Cubs are 5-3, tied for first in NL Central as of this morning.
 

DJnVa

Dorito Dawg
SoSH Member
Dec 16, 2010
54,277
I kinda hope Bryant goes 0-15 over this weekend and the Cubs send him back down and people whine.
 
All I want from sports is to be entertaining, and that would be entertaining.
 

AbbyNoho

broke her neck in costa rica
SoSH Member
Jan 20, 2006
12,180
Northampton, Massachusetts
Doug Beerabelli said:
When I was a teenager, I worked for Stop and Shop, which was unionized. The contract stated that all employees, union or not, had to start paying union dues after two months of employment. I was a summer worker only, but regardless, I effectively earned less than minimum wage the last month of my employment due to having to pay union dues to a union I was not going to join. It always made me mad, and I wish the union had done something about changing that rule for summer employees.

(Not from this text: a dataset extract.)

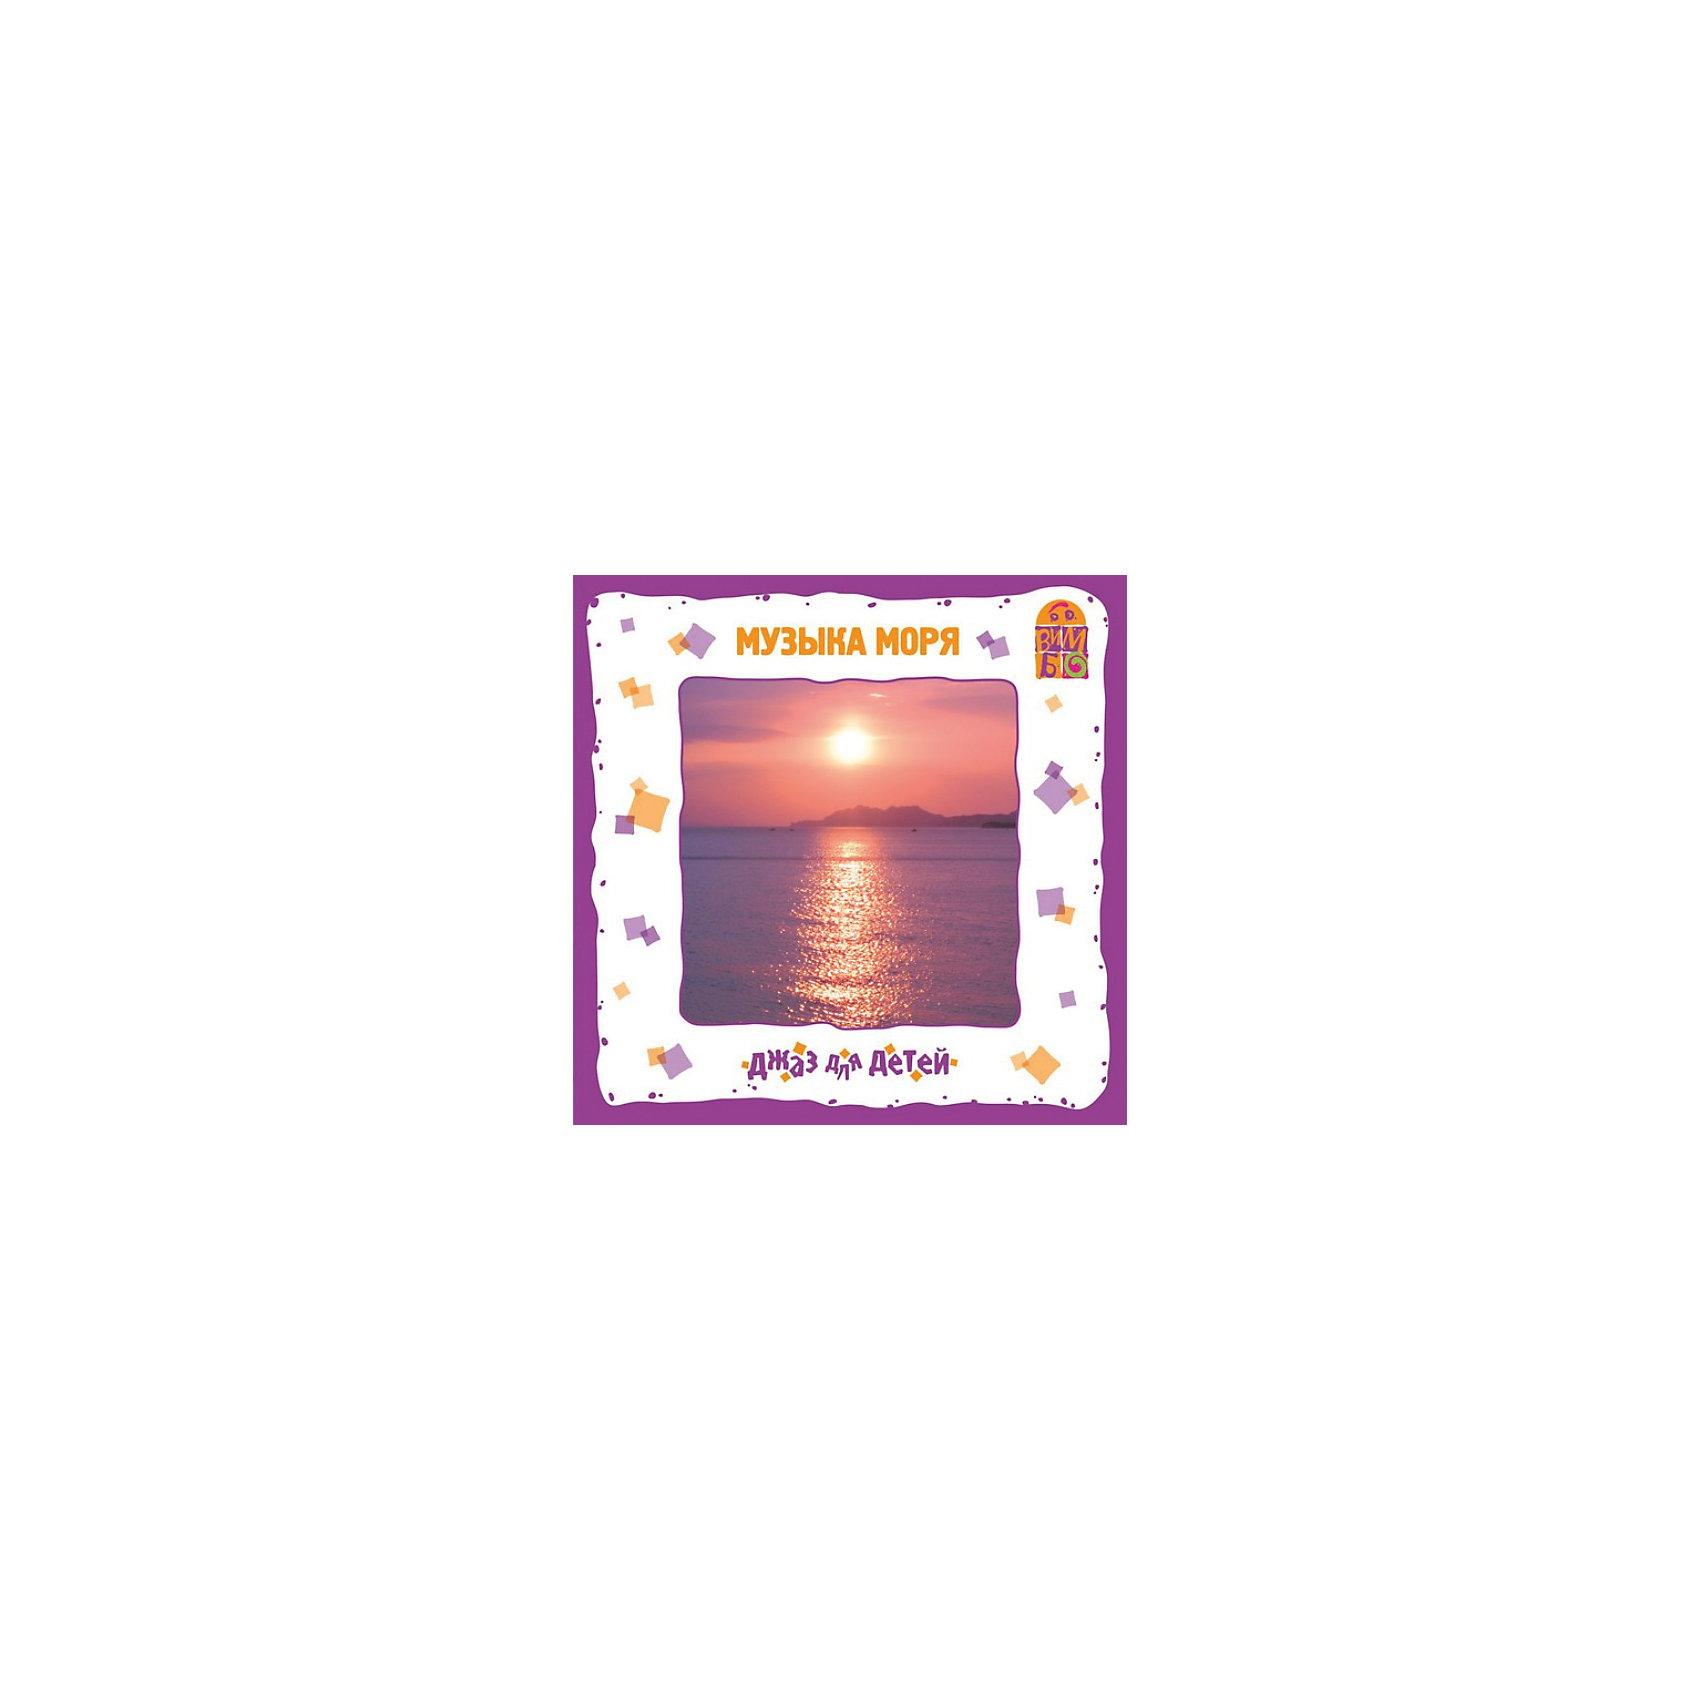 Вимбо Джаз для детей. Музыка моря, CD-дискАудио-диск Музыка моря из серии Джаз для детей.  <br><br>Мы отправляемся с Вами на замечательную морскую прогулку. Шум волн, крики чаек и ветер в парусах. Перед нами необъятная синяя даль горизонта, безоблачное небо, ослепительное солнце… Стихия моря и виртуозные джазовые композиции подарят незабываемое путешествие, полное чудес.<br><br>Дополнительная информация:<br><br>Время звучания - 62:21.<br><br>Ширина мм: 140<br>Глубина мм: 10<br>Высота мм: 125<br>Вес г: 75<br>Возраст от месяцев: 0<br>Возраст до месяцев: 144<br>Пол: Унисекс<br>Возраст: Детский<br>SKU: 2276087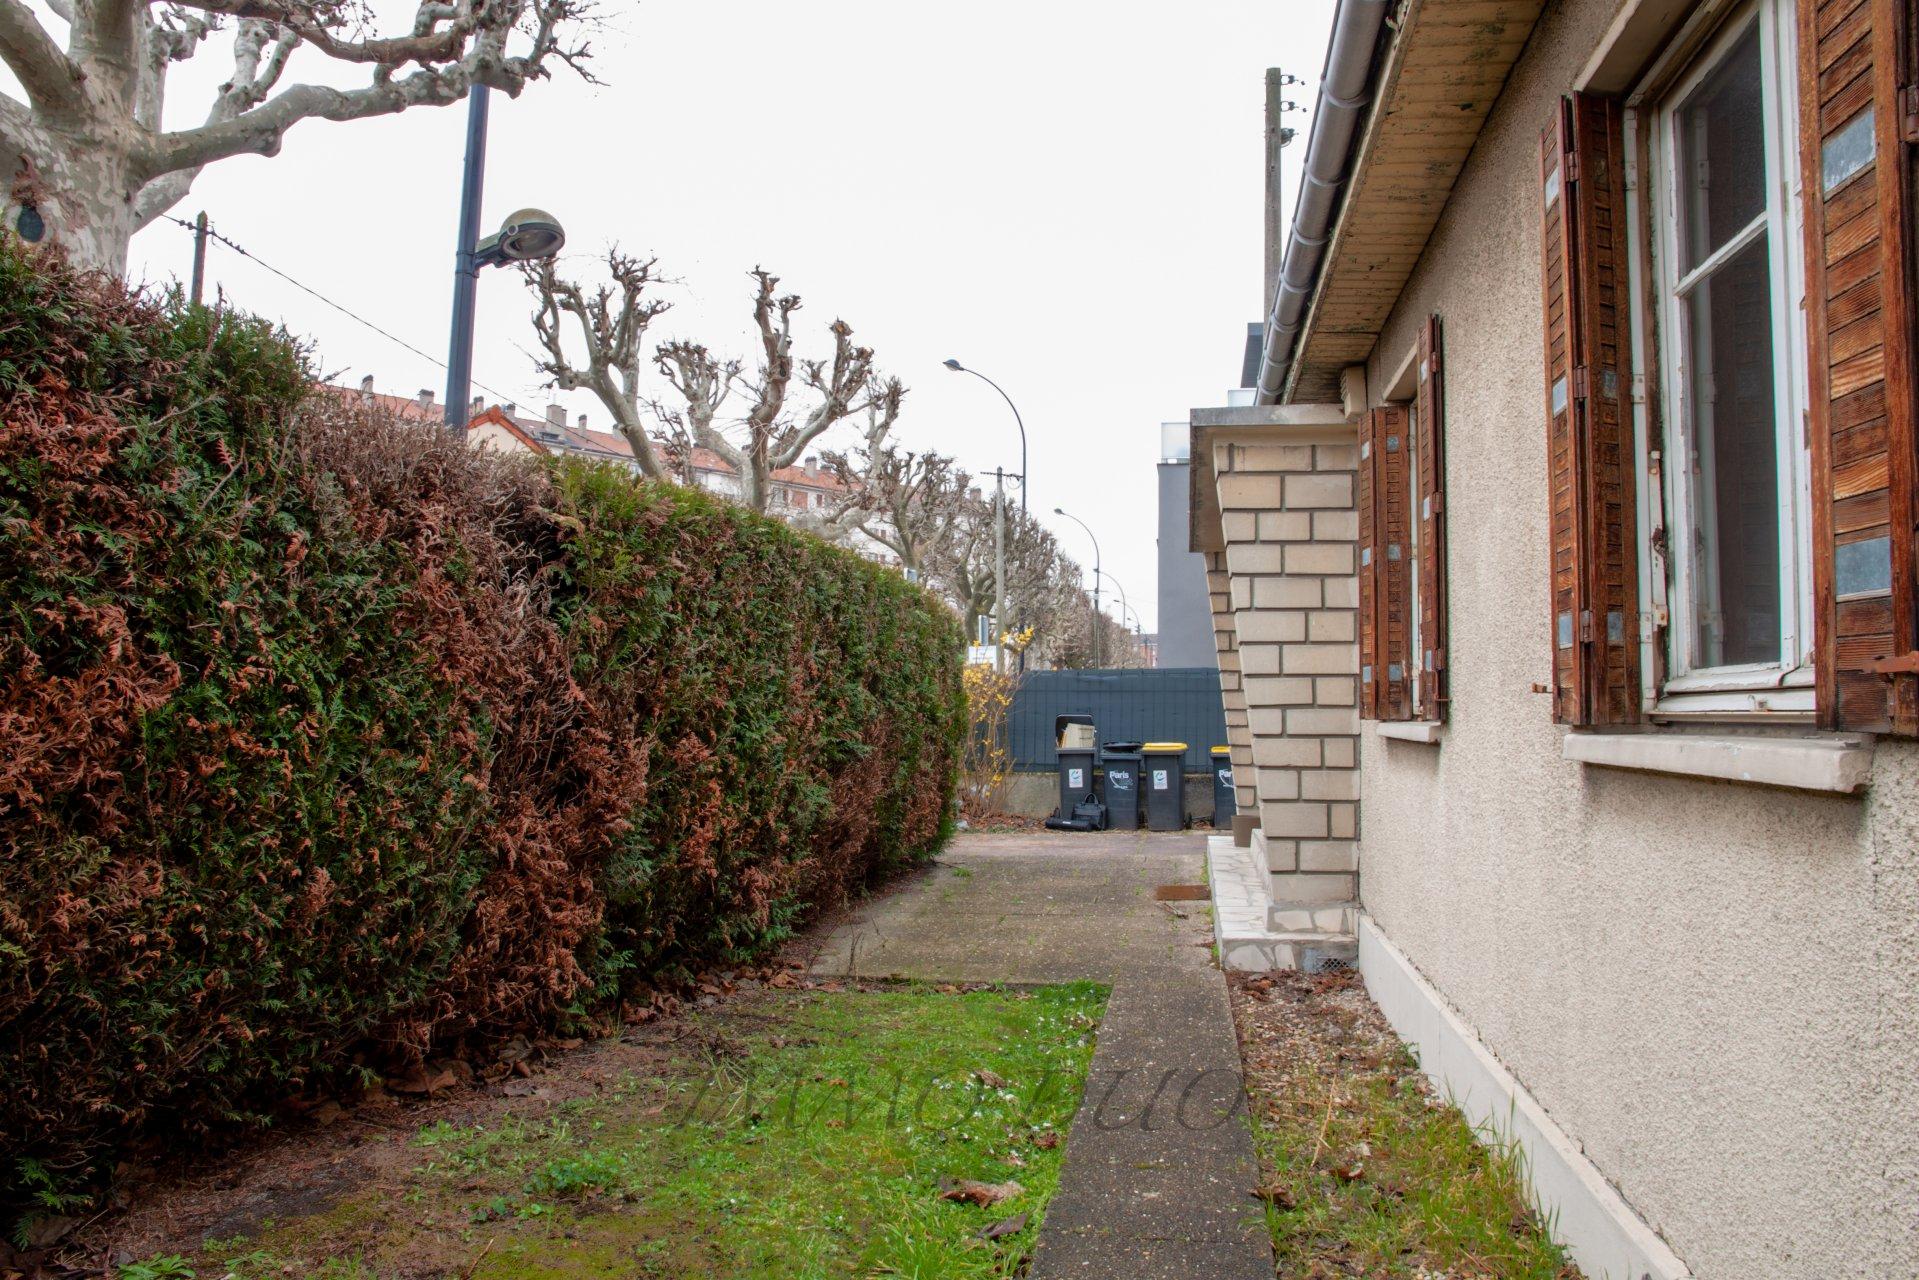 Maison 5 pièces - 105 m2 - Jardin 372 m2

Cubs are 5-3, tied for first in NL Central as of this morning.
 
The Stop & Shop union really did suck.
 

Red(s)HawksFan

Member
SoSH Member
Jan 23, 2009
21,000
Maine
Frank said:
Lol. SSS and all, but eat some crow Mr. Boras.
 
You know the Boras wonks are just going to say he lost his spring training momentum by spending 10 days in Des Moines putting up a 1.042 OPS and K'ing in 28% of his plate appearances.
 

Plympton91

bubble burster
SoSH Member
Oct 19, 2008
12,408
Game winning double and little league home run last night. What a sweet, sweet swing
 

DJnVa

Dorito Dawg
SoSH Member
Dec 16, 2010
54,277
Plympton91 said:
Game winning double and little league home run last night. What a sweet, sweet swing
 
I thought I missed something at first, but the double and "LL HR" were the same event, so yeah.
 
 
Since his first game he has 5 BB and 1 K.